Tuesday, November 27, 2007

Week 2, Day 14

It snowed in the Gorge last night. Snow level was 2,000 feet, so we were still good up here (at 1,000), but it was FREEZE FREEZE FREEZE on the news. I went out with Tank at around midnight last night (I like peeing in the yard with my dog. Don’t judge.) and it was nothing but fog and a waxing moon. It was beautiful. I chased Tank around the yard and up the road a bit. For some reason, he gets really frisky when I take him outside around a full moon.

Anyway, going by the news last night, I didn’t have much hope for the weather today, but I forgot that Oregonians are pussies when it comes to weather. There was barely two inches of snow on the roads and the news interviewed three people who had pulled into gas stations to wait it out.

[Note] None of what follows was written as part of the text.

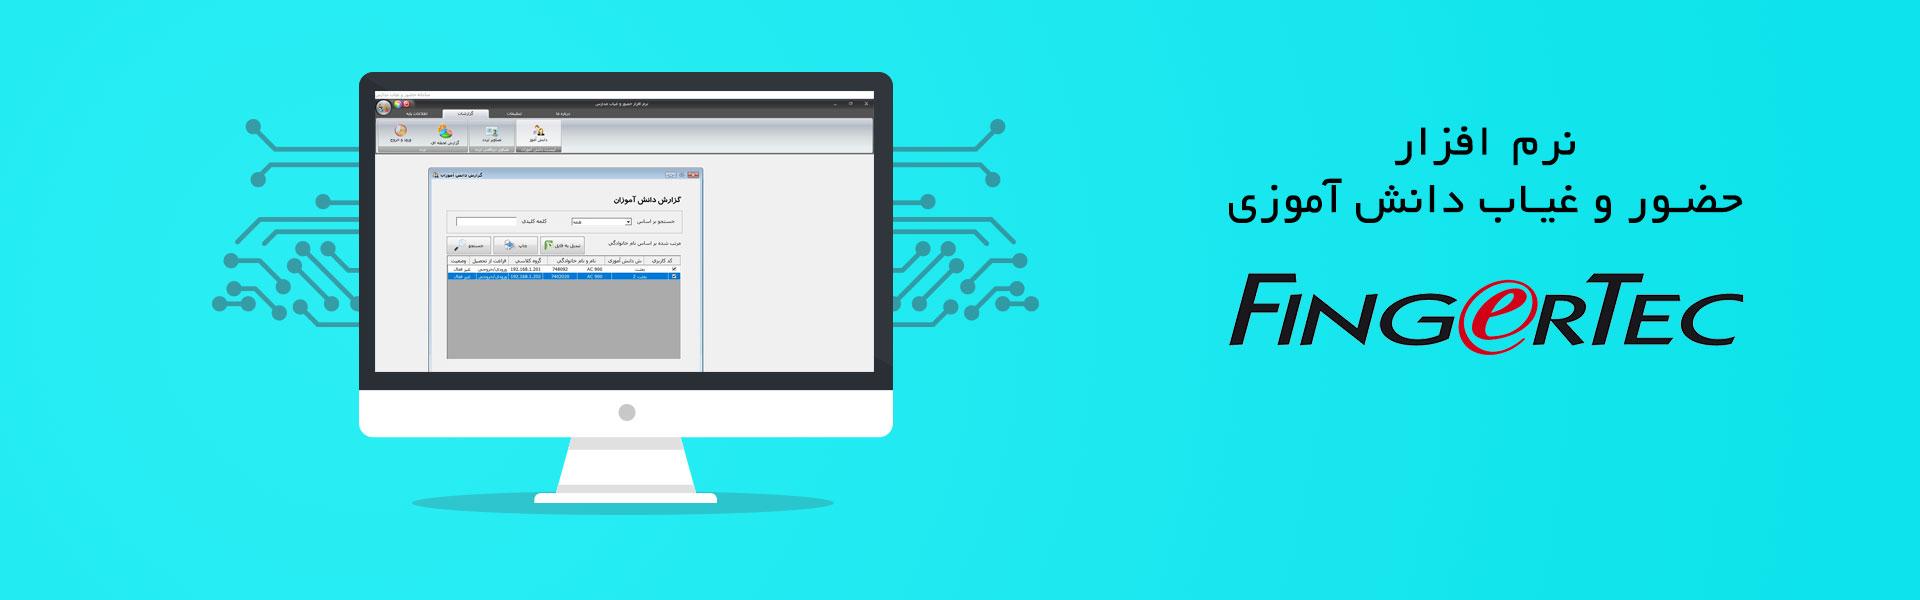 Student_Software.jpg

I can’t tell you how many times I drove my Gramma to bingo in the middle of a (Chicago) blizzard. I went to class when it was 80 below with the windchill. That’s one of the big things that annoys me about living here. It’s precipitation, people. Deal with it.

Anyway, Mom and I took Pignacious (her guinea pig) to the vet this morning because he’s not improving. Turns out the mass in his belly has doubled in size. The doctor says it can only be a cancerous tumor, which is very rare in a cavy so young (he’s a little over a year old). She said we could do surgery, but she doesn’t have much hope in the outcome. So we took him home and I’ll keep giving him vitamin C and Critical Care food. He’s not doing well, though, and we’ll probably end up taking him back in this weekend or so. I’m going to miss him like crazy, but we can’t let him suffer. I’d never had (or liked) a guinea pig before, but I love this little guy. He’s a two pound lump of attitude.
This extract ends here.